- Born: April 8, 1855 Morgantown, Virginia, U.S.
- Died: August 10, 1940 (aged 85)
- Education: Massachusetts Institute of Technology
- Occupation: Architect
- Spouse: Louise Devereux

= Silas Reese Burns =

American architect (1855–1940)

Silas Reese Burns (1855–1940) was an American architect.

==Biography==

===Early life===
He was born on April 8, 1855, in Morgantown, Virginia.
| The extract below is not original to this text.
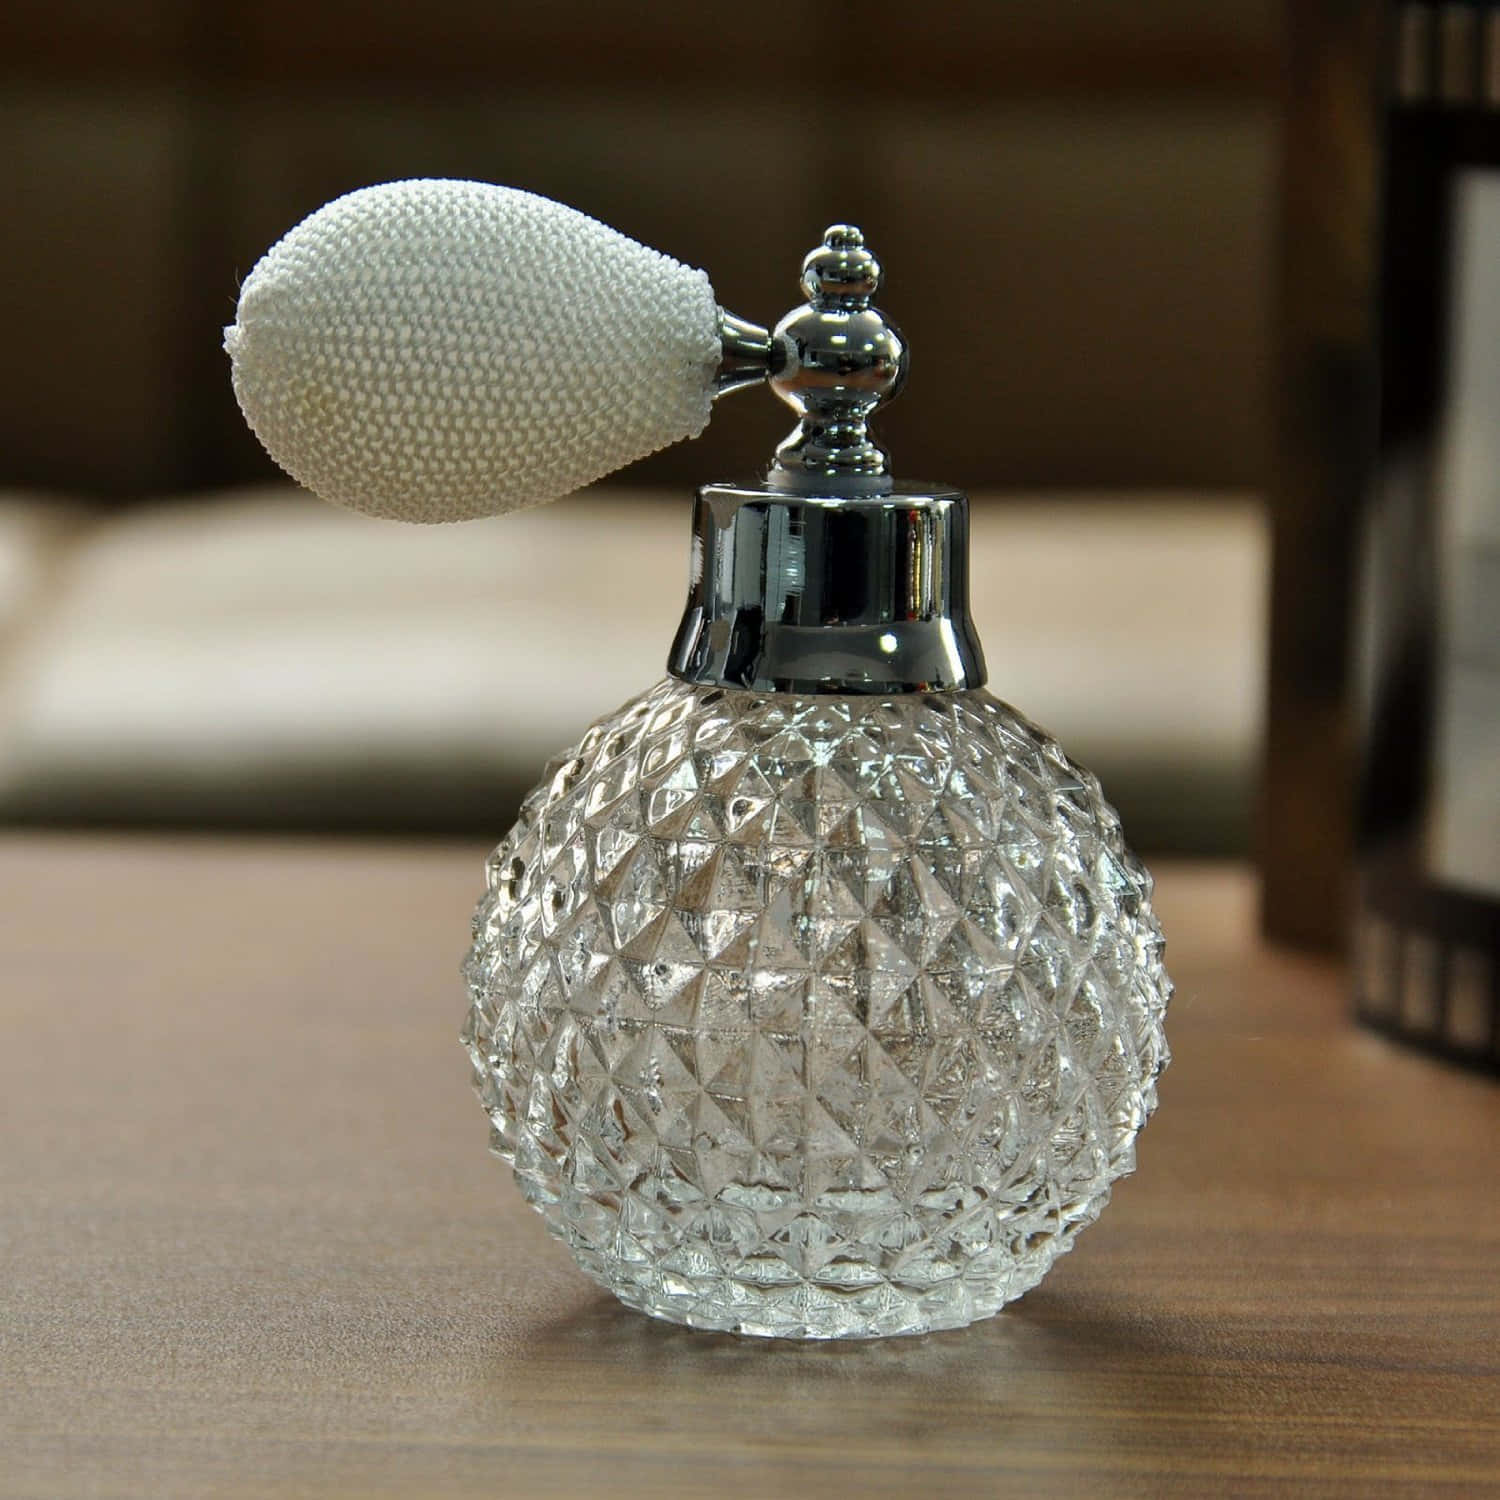 A Glass Perfume Bottle On A Table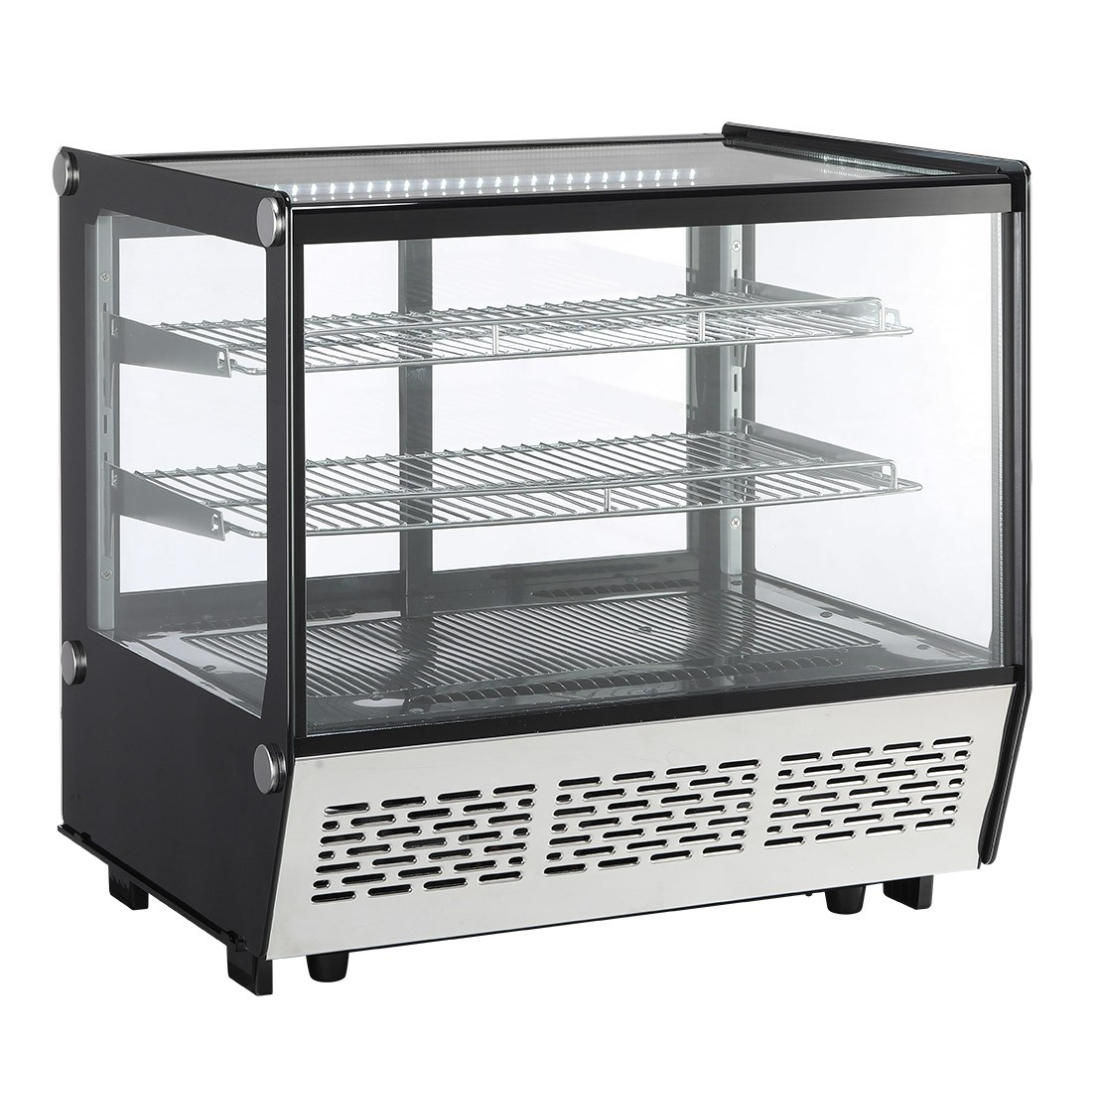 OMAJ XCW-120Z Cake Display Chiller Countertop Straight Glass-70 cm

He became a Fellow of the American Institute of Architects in 1882. He graduated from the Massachusetts Institute of Technology in Cambridge, Massachusetts, in 1875.

===Career===
Together with Myron Hunt (1868–1952), John B. Parkinson (1861–1935), and Sumner Hunt (1865–1938), he designed the Hotel Maryland in Pasadena, California in 1903–1904, which was destroyed by a fire in 1914. Alongside George Wyman (1860–1939), he designed the Old Soldiers' Home in Sawtelle, Los Angeles.

Together with Sumner Hunt and Abraham Wesley Eager (1864–1930), he designed the private residence of William G. Kerckhoff located at 1325 West Adams Boulevard, Exposition Park, Los Angeles in 1908 and 1909. It is now home to the Annenberg Center for Communication at the University of Southern California. In 1908, they designed the Hope Ranch Country Club in Hope Ranch, California. The same year, they designed a mansion at the corner of Wilshire Boulevard and South Westmoreland Avenue, opposite the Bullocks Wilshire building. A year later, in 1909, they designed a Tudor Revival mansion for Arthur S. Bent (1863–1939), a building contractor, in Pasadena, California.

Together with Sumner Hunt, he designed the Children's Hospital Los Angeles in 1910. In 1911, they designed the A. C. McKevett House in Santa Paula, California. The same year, they designed the E. S. Hall House in Ojai, California. In 1913, they designed the Vermont Square Branch of the Los Angeles Public Library located at 1201 West 48th Street, which is listed on the National Register of Historic Places. From 1910 to 1914, they designed the Southwest Museum of the American Indian in Los Angeles. In 1914, they designed the Henry C. House in Oak Knoll, Pasadena, California. In 1919, they designed the Wilshire Country Club located at 301 North Rossmore Avenue in Los Angeles in 1919, but it was demolished and replaced in 1970. They designed the Ebell Club of Pomona, California, in 1924. They also designed the Ebell of Los Angeles located at 4400 Wilshire Boulevard in 1927, which is listed on the National Register of Historic Places. They also designed the McKinley House in Lafayette Park, Los Angeles, which was torn down in 1999. On the campus of Scripps College in Claremont, California, they designed the Administration Building in 1928, and Balch Hall in 1929.

Together with Sumner Hunt, Roland Coate (1890–1958) and Aurele Vermeulen (1885–1983), he designed the headquarters of the Automobile Club of Southern California located at 2601 South Figueroa Street from 1921 to 1923.

His office was located in the Homer Laughlin Building at 317 South Broadway in Downtown Los Angeles.

===Personal life===
He married Laura Beall of Troy, Ohio, in 1881. Laura died in 1884. He married Louise Devereux in 1891. They resided in Alhambra, California, and he retired in San Gabriel, California in 1930, where he was a member of the San Gabriel Valley Country Club. He died on August 10, 1940. He is buried in the San Gabriel Cemetery.